The idea of API-accessible services -- from auditing to order processing to social media messaging -- as building blocks for large, complex applications is as old as Web services. Keep piling them onto one platform (actually multiple platforms, when you include Force.com, Heroku, ExactTarget, and the like) and you add to the range of existing Salesforce applications while expanding possibilities for new ones.
Still proceeding with caution
The idea of shared services lifting all boats is at the heart of the public cloud -- which even in 2013 remains distasteful to corporate IT, says Bill Allison, a global "technology leader" at Deloitte Consulting. In the largest IT organizations, he says, resistance to the cloud is still strong, except for the least critical operations. His clients are more interested in souping up existing infrastructure with in-memory processing such as that offered by SAP HANA.

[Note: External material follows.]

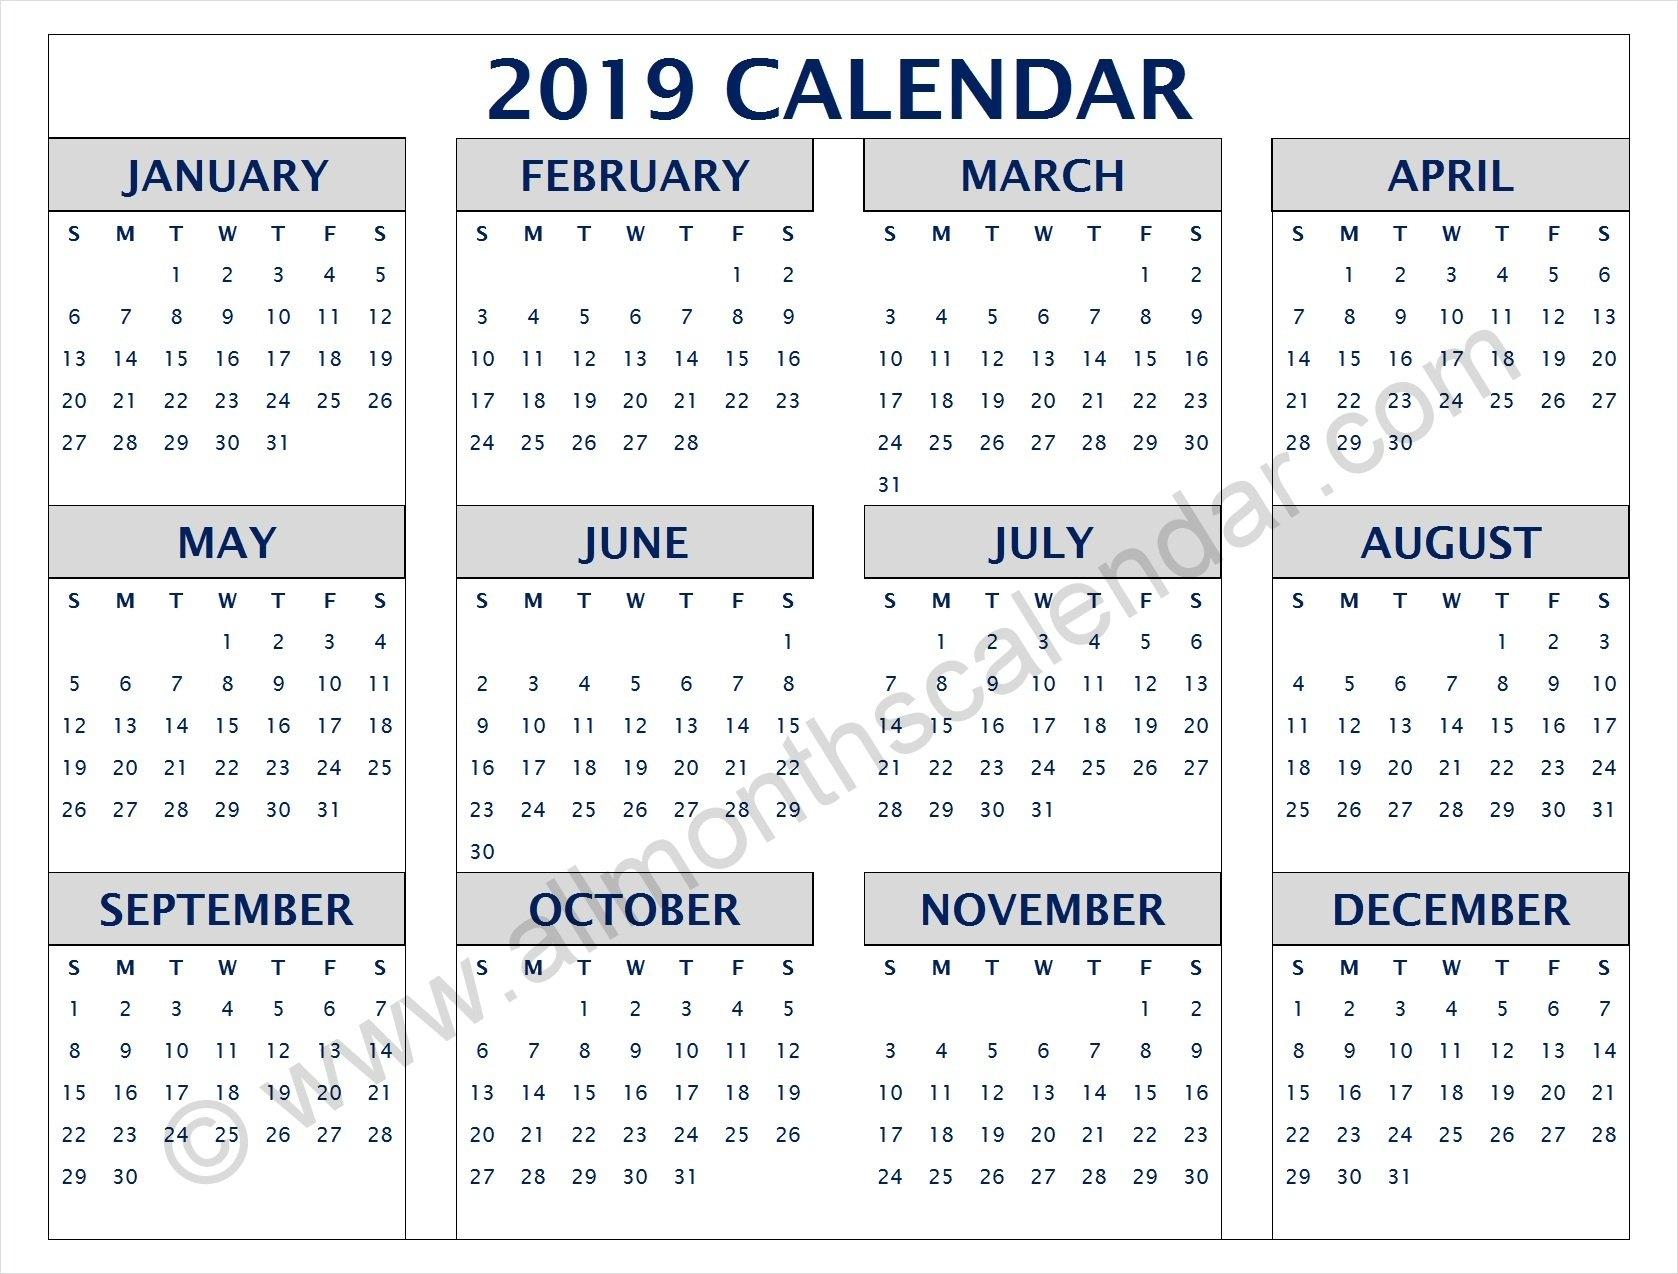 Yearly 2019 Calendar Pdf | 12 Month 2019 Calendar Printable Calendar 2019 Pdf
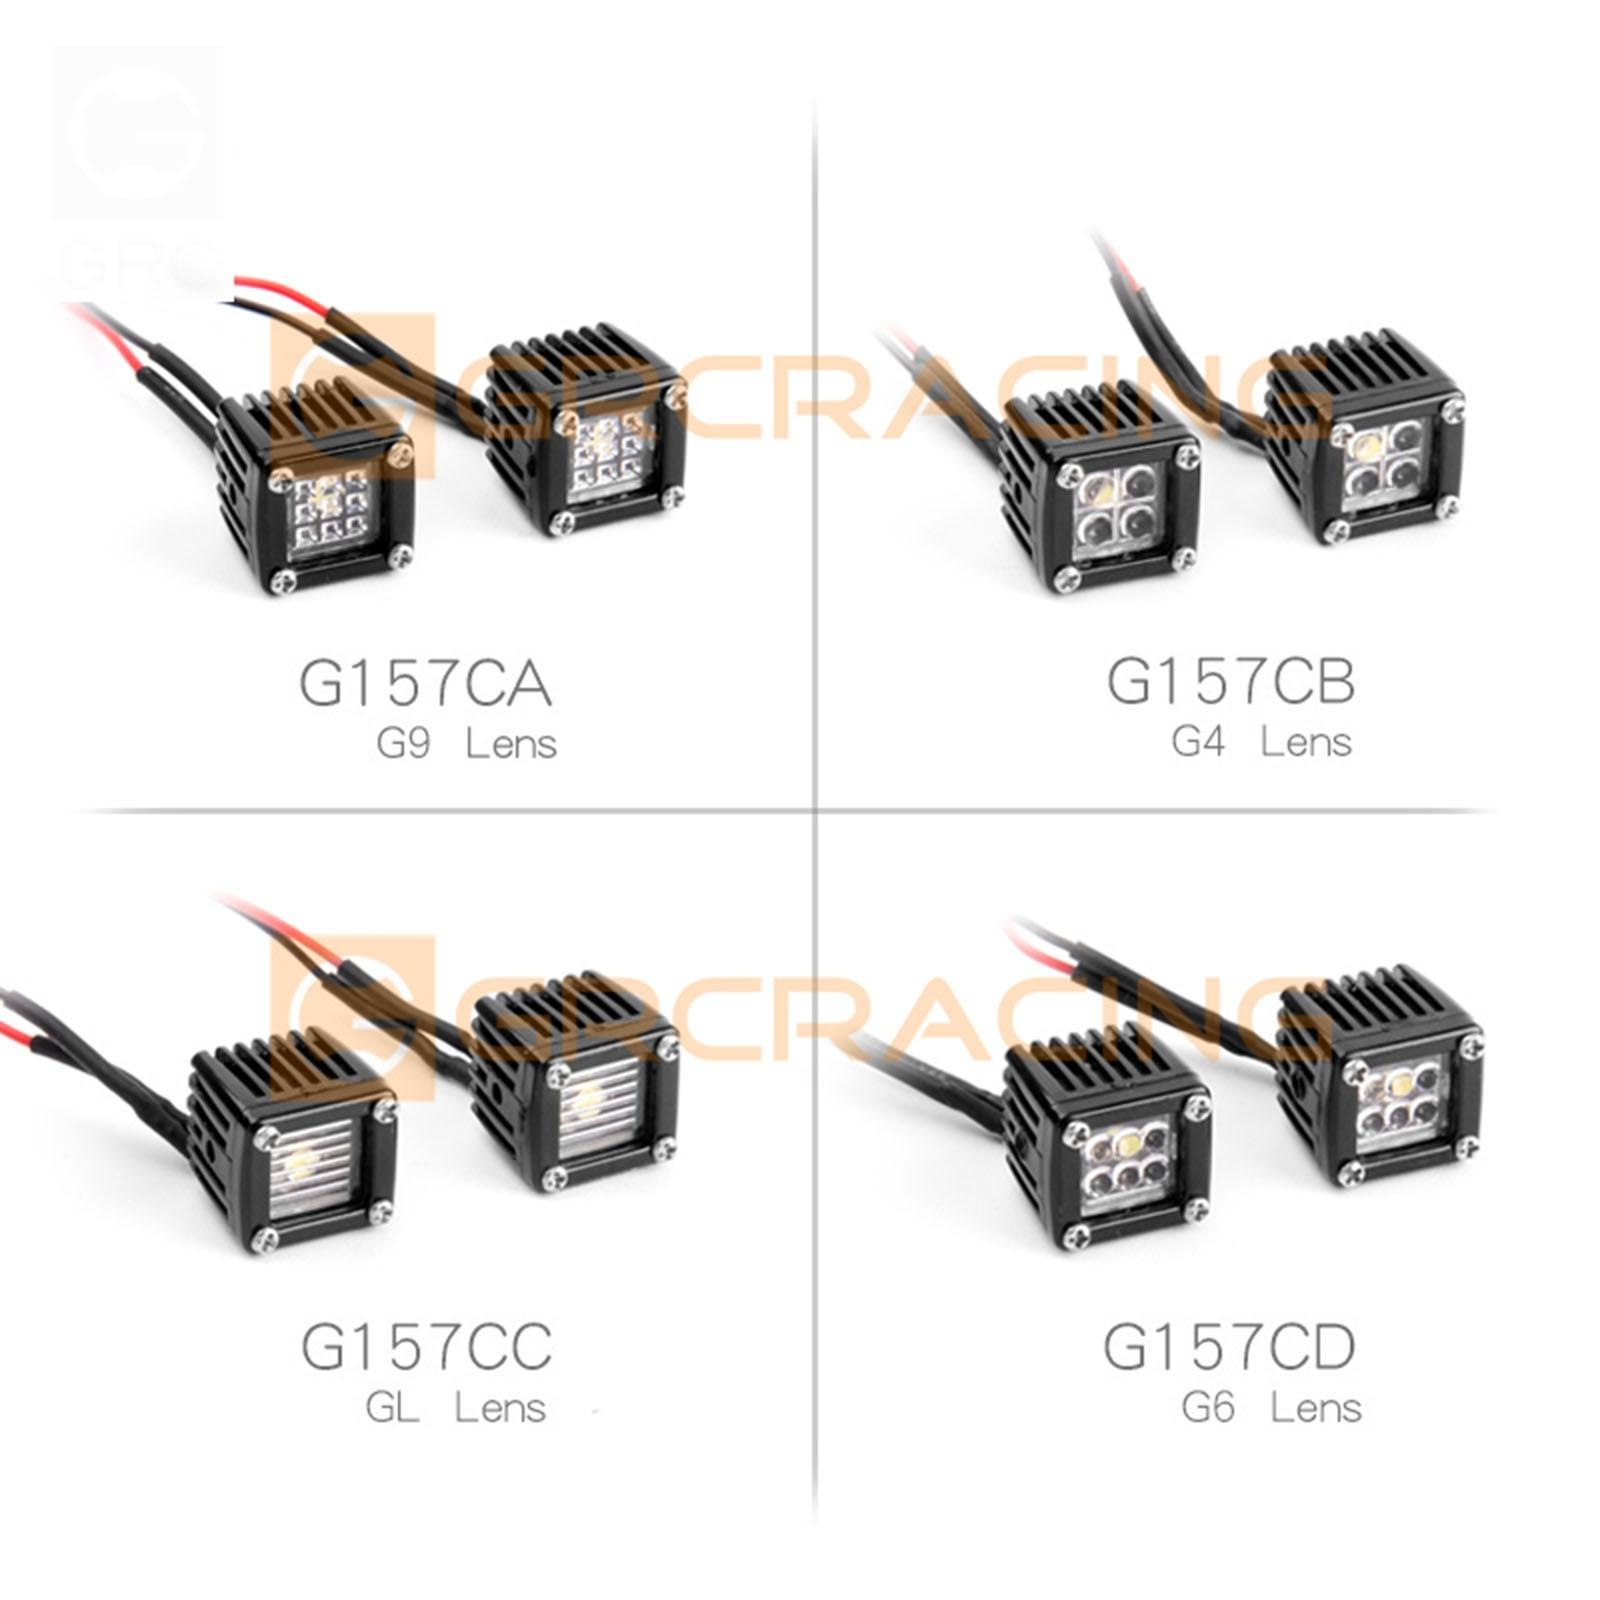 RC Car LED Light Headlights Spotlight for 1/10 RC Crawler Axial SCX10 III AXI03007 90046 Traxxas TRX4 Redcat Gen8 Tamiya

Specifically, Allison says, his clients want to use such new, high-performance, in-memory technology inside the firewall to enable quick response to events and to foster agility in core systems such as supply chain management. As for putting anything critical in cloud, he makes a joking reference to Salesforce CEO Marc Benioff: "Are you going to trust the guy in the Hawaiian shirt?"
Obviously, this doesn't mean enterprises are ignoring the cloud. While attending Dreamforce, Sanjay Rishi, a vice president at IBM Global Application Innovation Services, asked a big IBM customer this question: "What is the one thing you would say cloud enables you to do?" The simple answer: "It's all about customer experience." Rishi adds that the customer experience gets industry-specific very quickly. For example: "For the health care industry, unless I can speak their language and understand the transactions that are very healthcare-specific, and provide them as a service on the cloud ... I wouldn't even get to slide two of that discussion."
Gearing up for the Internet of things
In that example, Rishi is talking about customer-facing systems, otherwise known as systems of engagement. But he goes on to discuss what he calls cloud-based "systems of interaction," where sensors deliver data and events that core enterprise systems respond to -- a model similar to the event-driven agility Allison says enterprise CIOs want to instill in on-premises systems. In other words, Rishi is talking about a cloud platform for the Internet of things, custom-built by IBM (and deployed on IBM SoftLayer, among other clouds), while Allison sees his clients gravitating toward an on-premises version.
Guess what? Salesforce1 is primed to ingest such telemetry as well, as is Amazon's Kinesis service. The VMware spinoff Pivotal was conceived from the ground up with the Internet-of-things paradigm in mind.
Systems of interaction, as Rishi calls them, are crucial to the future of the cloud. Can the Salesforce multiplatform behemoth stretch to accommodate a huge influx of machine-to-machine data? You'd think that, as a first mover, Salesforce would know how to scale pretty well by now. On the other hand, as the first big multitenanted SaaS provider, it has operated continuously for its customers year after year as it has rolled out countless upgrades on the fly. Will architectural flaws be exposed in dramatic fashion when a whole new array of capabilities are piled on?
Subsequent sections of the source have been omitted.